By Mikael Holter
The Nordic country will cut production by 250,000 barrels a day in June and 134,000 barrels in the second half of the year, the Petroleum and Energy Ministry said late on Wednesday. That’s based on a reference daily production of 1.86 million barrels that accounts for the giant Johan Sverdrup field’s outperformance.
It’s the first time Norway is a part of coordinated international efforts to cut output since 2002, a sign of how brutal the market rout is for producing nations that are simultaneously grappling with the coronavirus pandemic. The oil market has descended into chaos despite this month’s OPEC+ agreement to reduce production by a record, with U.S. prices going into negative territory for the first time and the North Sea Brent benchmark falling to more than 20-year lows.
“We are currently facing an unprecedented situation in the oil market,” Petroleum and Energy Minister Tina Bru said in the statement.

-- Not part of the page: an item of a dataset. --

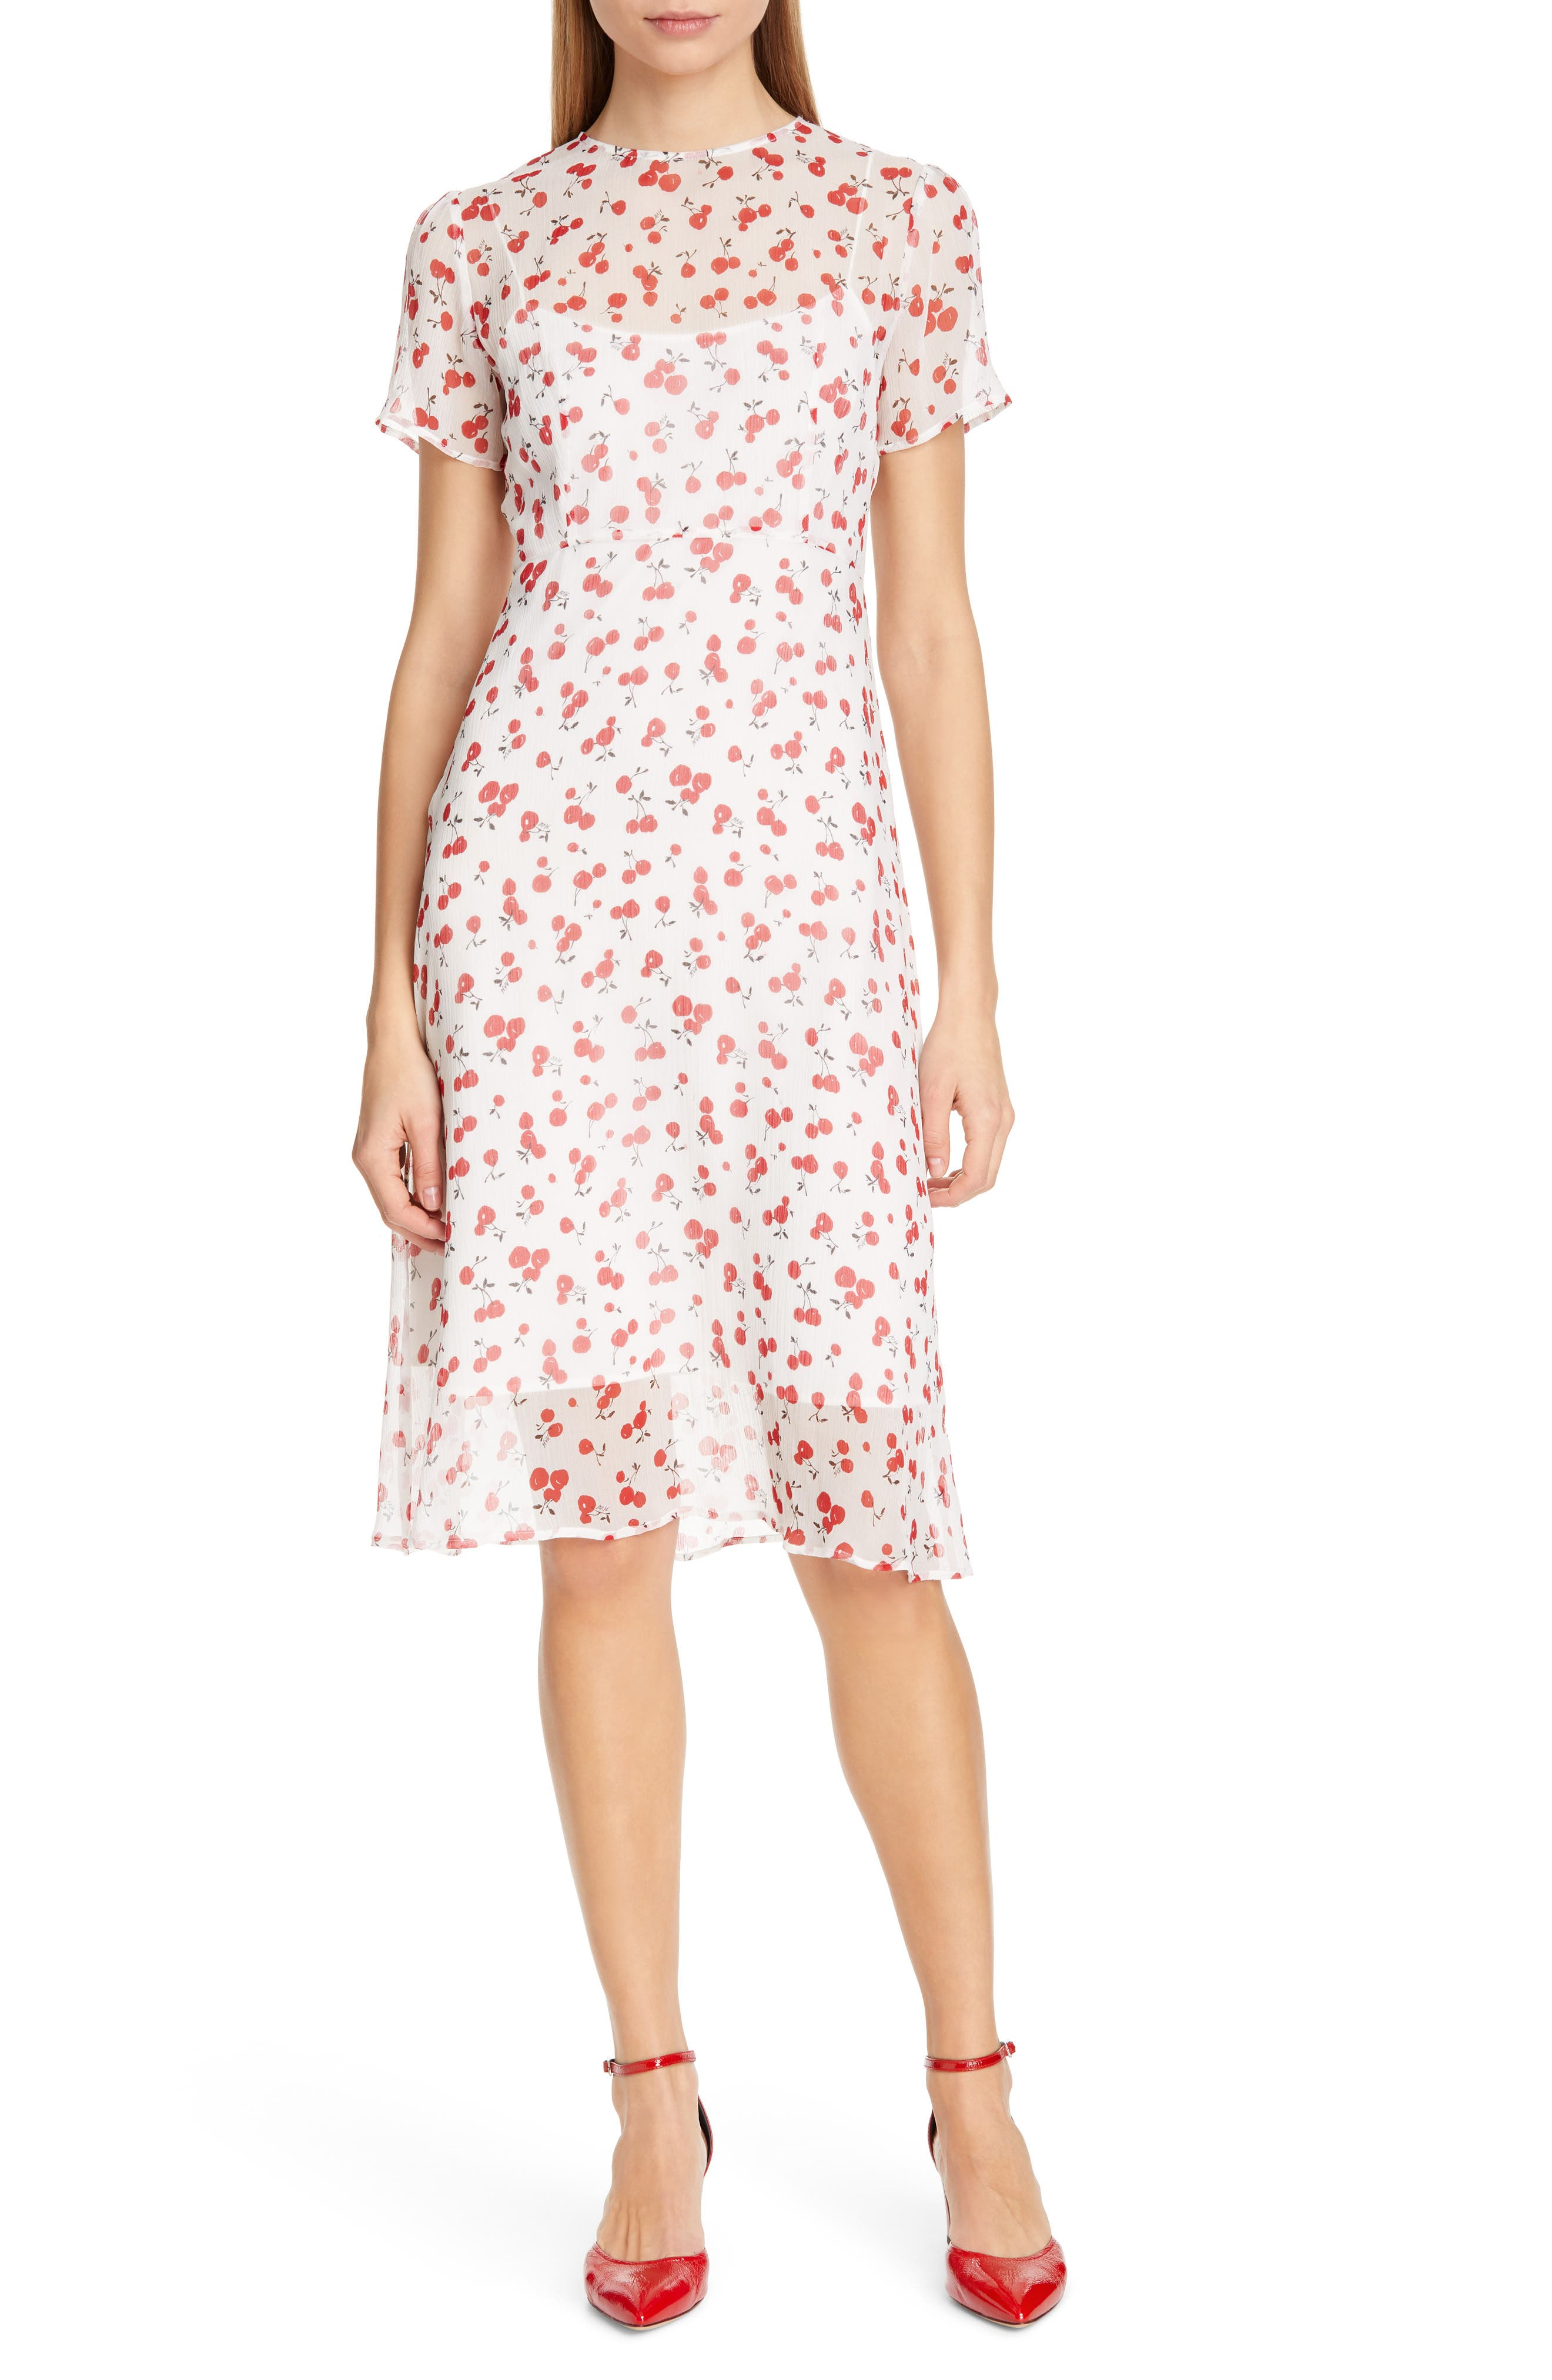 Hvn Lindy Cherry Print Silk Chiffon Dress, White
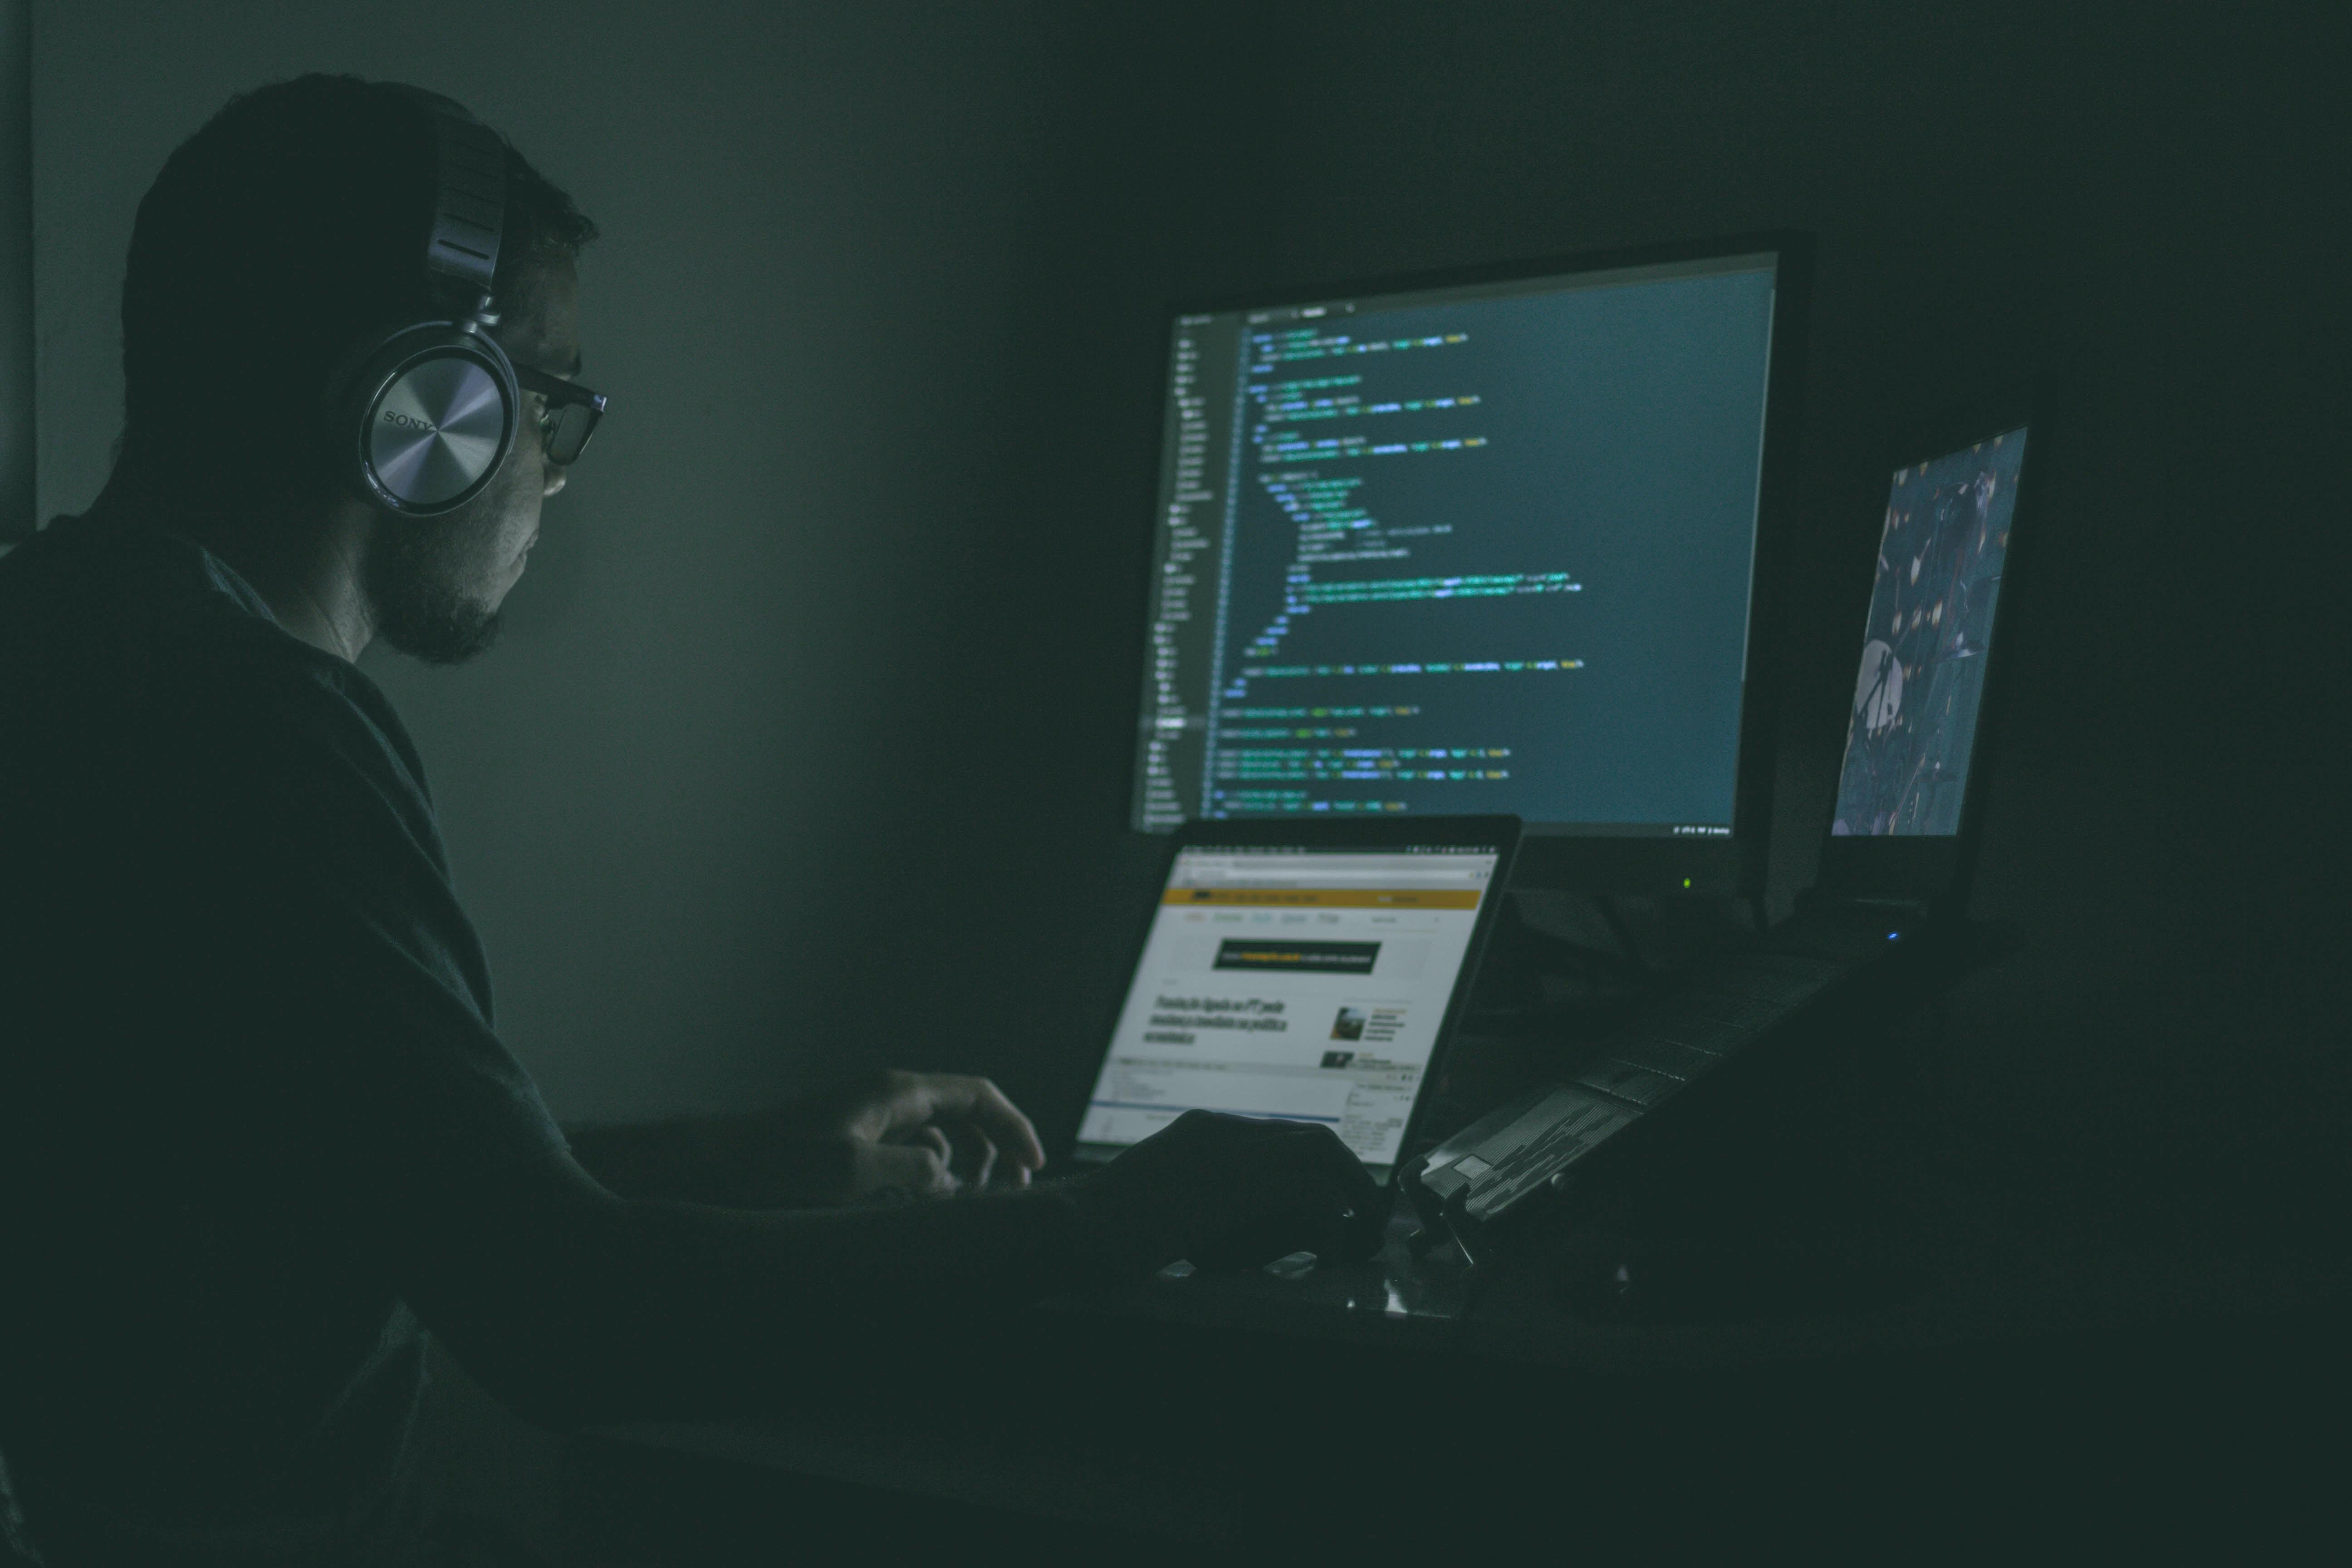 Using AI to Spot Fraud

The decision “has been made on an independent basis and with Norwegian interests at heart,” she said.
Norway isn’t a part of the OPEC+ deal, but had said it would consider a unilateral cut to help the broader effort to stabilize markets roiled by a plunge in demand because of the coronavirus pandemic. The country’s oil industry and the government’s income from production are suffering badly from the rout, and Norway is expected to withdraw record amounts from its sovereign wealth fund to cover emergency spending this year.
Norway produced 1.68 million barrels of oil in March, or less than 2% of the world total. The country’s output is rising this year and was set to increase further thanks to Sverdrup, which started in October.
The ministry’s reference production is based on information provided by companies. It’s been adjusted for the delay of maintenance halts due to the coronavirus and for higher-than-expected production from Sverdrup, which reached maximum capacity of 470,000 barrels a day in April, Lundin Energy AB said Thursday.
Coupled with the effect of some delayed field startups to 2021, the cuts will mean that Norway’s daily oil production in December will be 300,000 barrels lower than companies had previously planned, the ministry said. The delayed fields are Yme, Martin Linge, Njord, Hyme, Bauge and Tor, it said.
The cuts will be implemented by granting revised permits. The oil companies will be consulted, and the cut will “be fairly distributed between the fields and thereby between companies,” Bru said. The cuts will be effective until the end of the year.
Gas and condensate fields won’t be affected, and some mature oil fields will be exempt, the ministry said.
The OPEC+ alliance agreed to cut 9.7 million barrels in daily production in the biggest such effort ever. On top of that, other producers such as the U.S., Brazil and Canada are expected to contribute with a reduction of 5 million barrels, but that will come as a result of declines due to lower prices, and will take months to materialize.
Yet, the deal doesn’t come close to compensating for the loss in consumption brought on by government measures to slow the pandemic, which are set to create a global recession of historic proportions.
Norway, one of the world’s wealthiest countries, repeatedly declined invitations to join OPEC+ meetings during the previous downturn that started in 2014.